How to complete this task:
Write out exactly the lines below that run from the one containing "Head and dorsal fin of an orca." through the one containing "Il ragazzo che", both included, with no other lines.

Data for processing:
┄┄┄┄┄┄
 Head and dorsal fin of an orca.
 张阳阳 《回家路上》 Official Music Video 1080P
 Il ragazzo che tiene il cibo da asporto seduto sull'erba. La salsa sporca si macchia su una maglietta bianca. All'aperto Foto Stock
┄┄┄┄┄┄
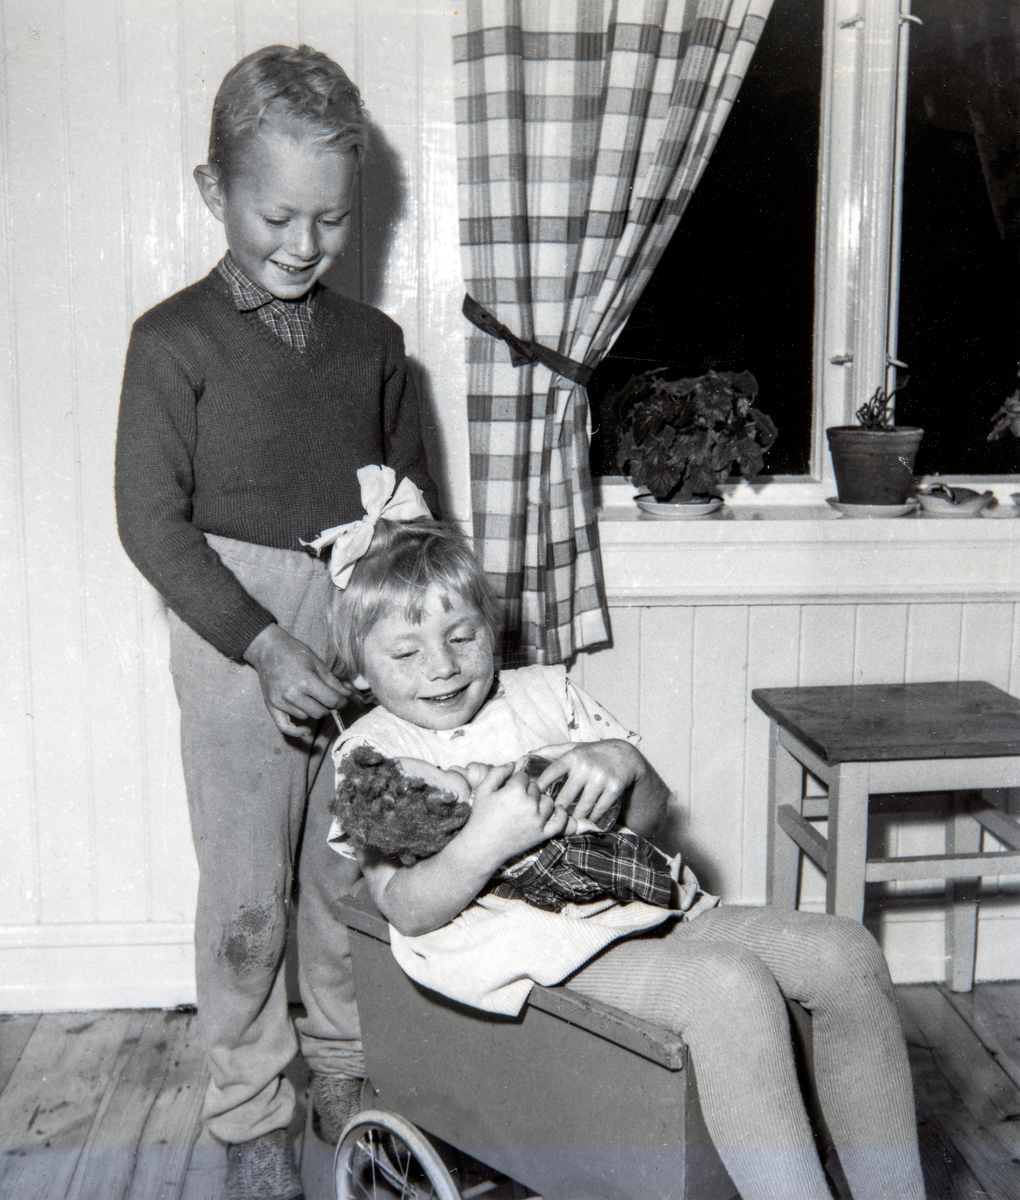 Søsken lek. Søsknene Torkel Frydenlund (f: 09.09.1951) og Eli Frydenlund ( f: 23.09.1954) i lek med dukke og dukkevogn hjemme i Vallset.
┄┄┄┄┄┄
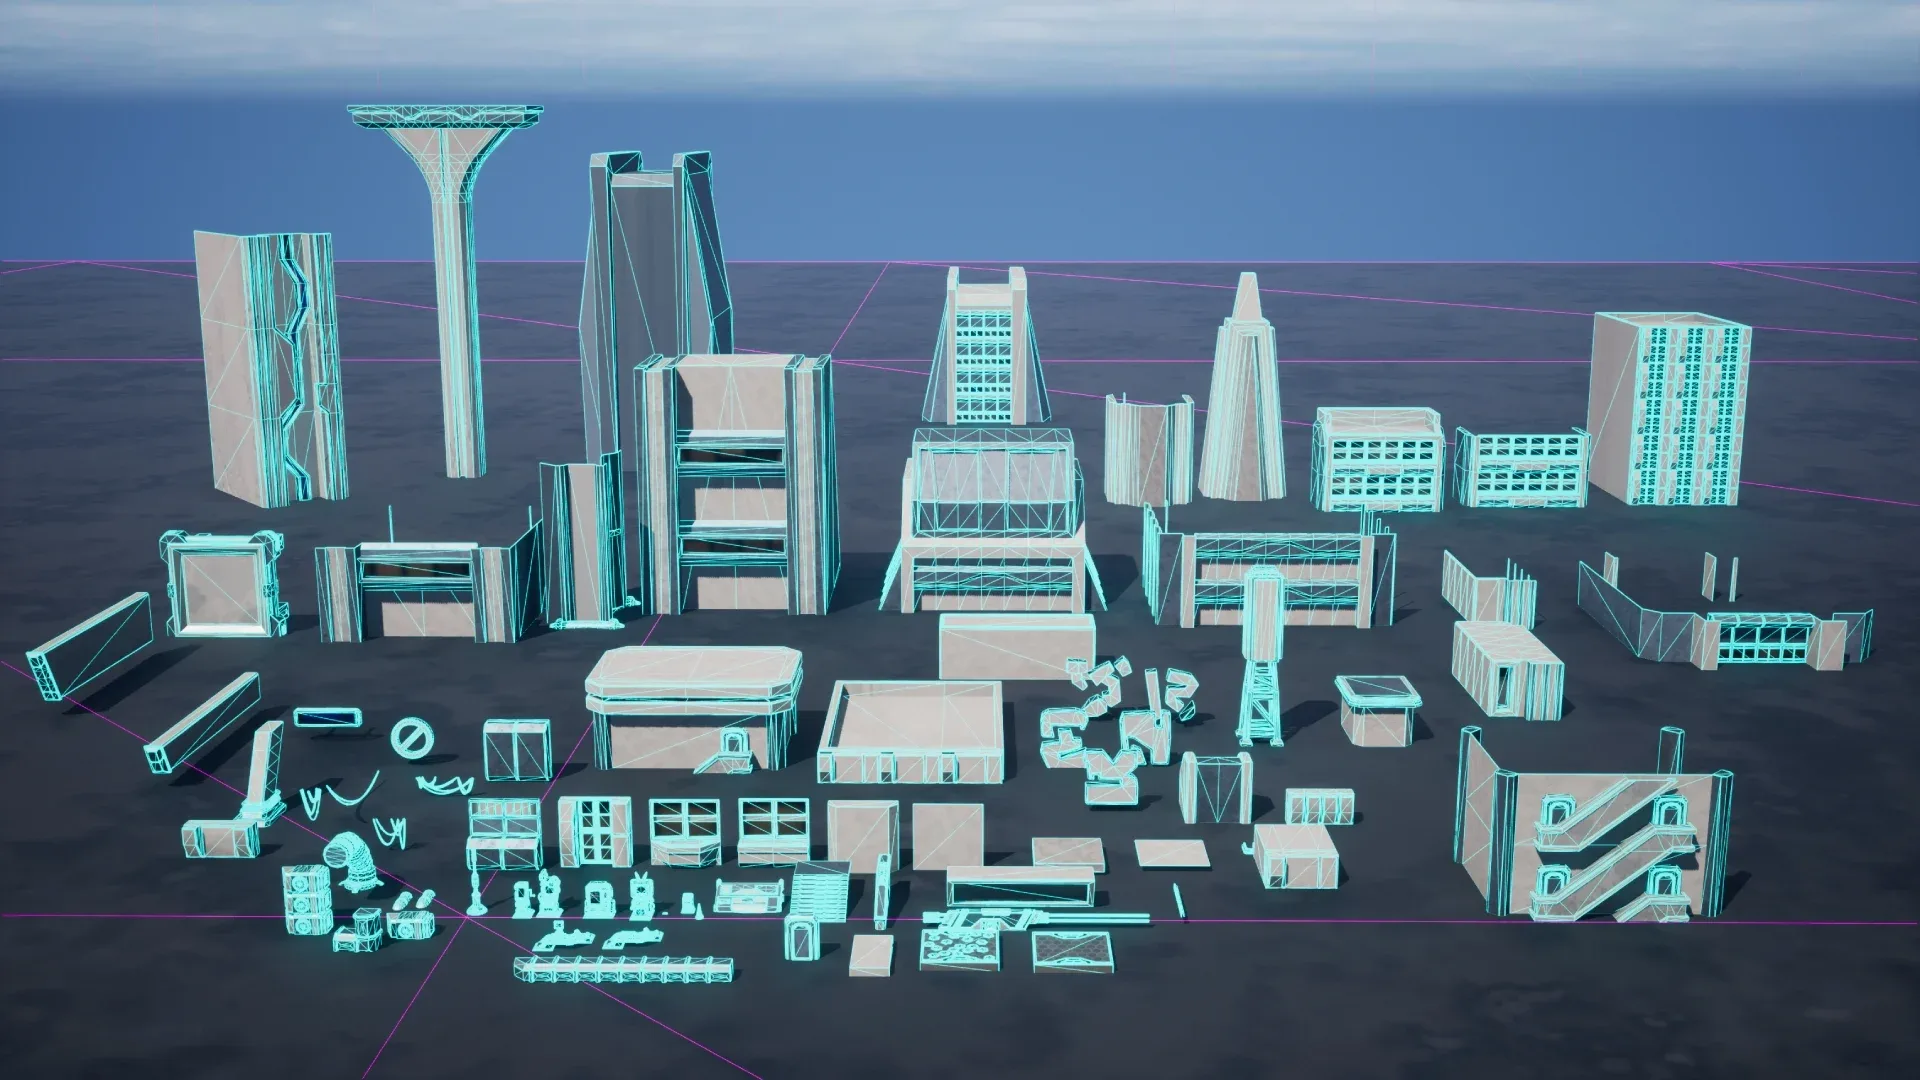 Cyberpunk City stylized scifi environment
┄┄┄┄┄┄
Written answer:
 Head and dorsal fin of an orca.
 张阳阳 《回家路上》 Official Music Video 1080P
 Il ragazzo che tiene il cibo da asporto seduto sull'erba. La salsa sporca si macchia su una maglietta bianca. All'aperto Foto Stock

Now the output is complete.